Why the mixed feelings? Perhaps simple snobbery. There was something lovely about being one of the cognoscenti who kept the memory of Panton's work alive—idle daydreams of eating avocado wedges behind the lights at a London fashion shoot ca. 1968 to the sound of Peggy Moffitt's left nipple teasing a Bolex shutter. There has always been a secret society of Panton admirers who respected his quest for genuinely new ways of living our everyday lives and his innovative use of space-age materials, all of them veneered with a signature blaze of color (the swingingest maraschino-cherry red, fondue-set orange, General Electric green) that emitted just the faintest whiff of camp.

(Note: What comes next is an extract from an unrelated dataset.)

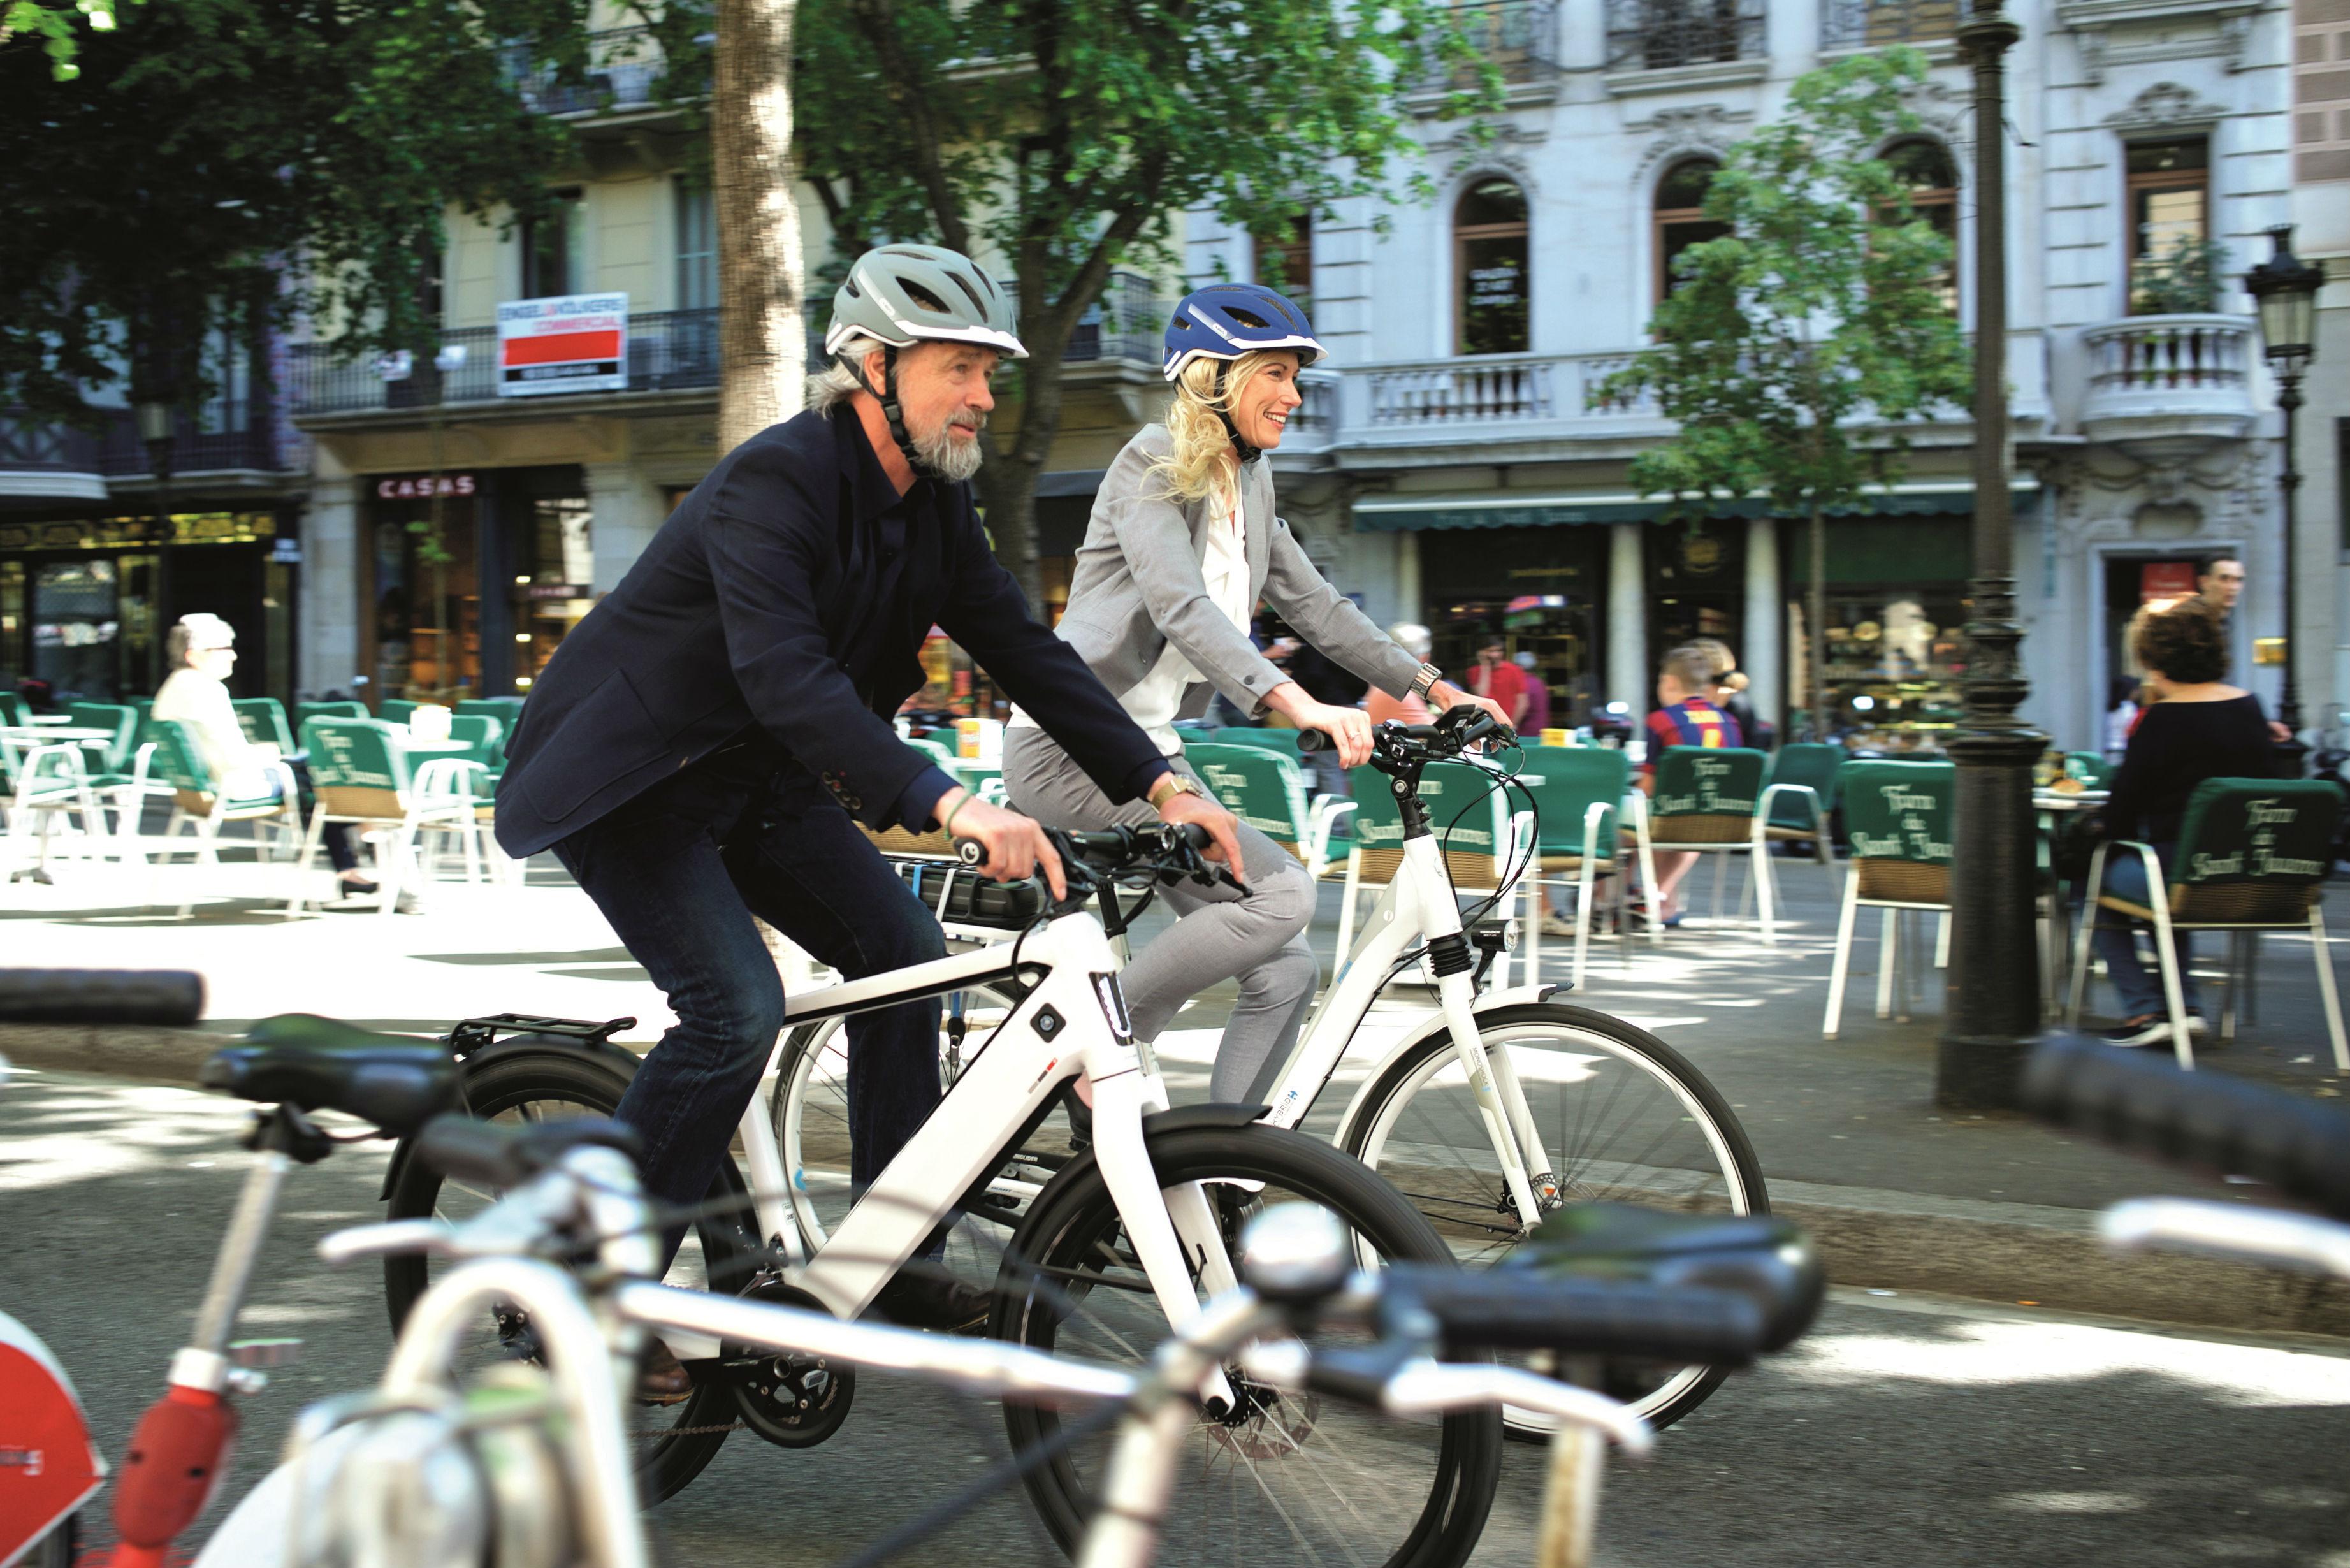 abus helm voor speed e bike begin 2017 leverbaar tweewieler. Black Bedroom Furniture Sets. Home Design Ideas

To his credit, Panton, who worked with Danish architect Arne Jacobsen in the early '50s, had little patience for traditional notions of what made a chair a chair or a table a table. One needed a place to put one's bum, but did the object one sat on really require legs? Panton's works hung from ceilings or seemed to sprout from floors and were made of foam or plastic or chromed wire; they resembled very little of what had come before them. Panton lived in an era and place—primarily Scandinavia—where the word “modular” always ended up in the same sentence as the word “future.” And his obsession with bright, bold circles and squares was so consistently mod and merry that one can only wonder if there's been a mistake in classifying his output according to the program and practices of '50s functionalism. That's probably a moot point. His work is strong and alluring regardless of category. Had he chosen to operate solely as an artist, one imagines him faring quite well, perhaps fitting into the niche defined by Bridget Riley, Victor Vasarely, and Yaacov Agam—all of whom, like Panton, are now experiencing reappraisals and revivals. Still, Panton's graphic sensibility funneled itself into fabric design rather than fine art. His textiles, also to be found in the Vitra retrospective, are exquisitely produced and optically exciting and would not look out of place in any current setting. In fact, Panton's influence is everywhere: Anyone who has ever spent time in an airport first-class lounge or hotel lobby built between 1965 and 1980 is probably all too familiar with his signature.

Ultimately many of Panton's designs, while inspired, are impractical to live with. There is a famous image of Panton and his wife at home, setting up a weekend lunch in a room resembling the child-containment center beside IKEA's room of plastic balls. One senses that the Pantons are kind of pushing it to make the place look functional. But it is the stretch that ends up being the point. Visitors to the Vitra show can see for themselves that Panton was at his best when he was at his most impractical, and that his work, while timeless in many ways, is also strongly locked into a moment and place—a roundabout way of saying he was an excellent designer.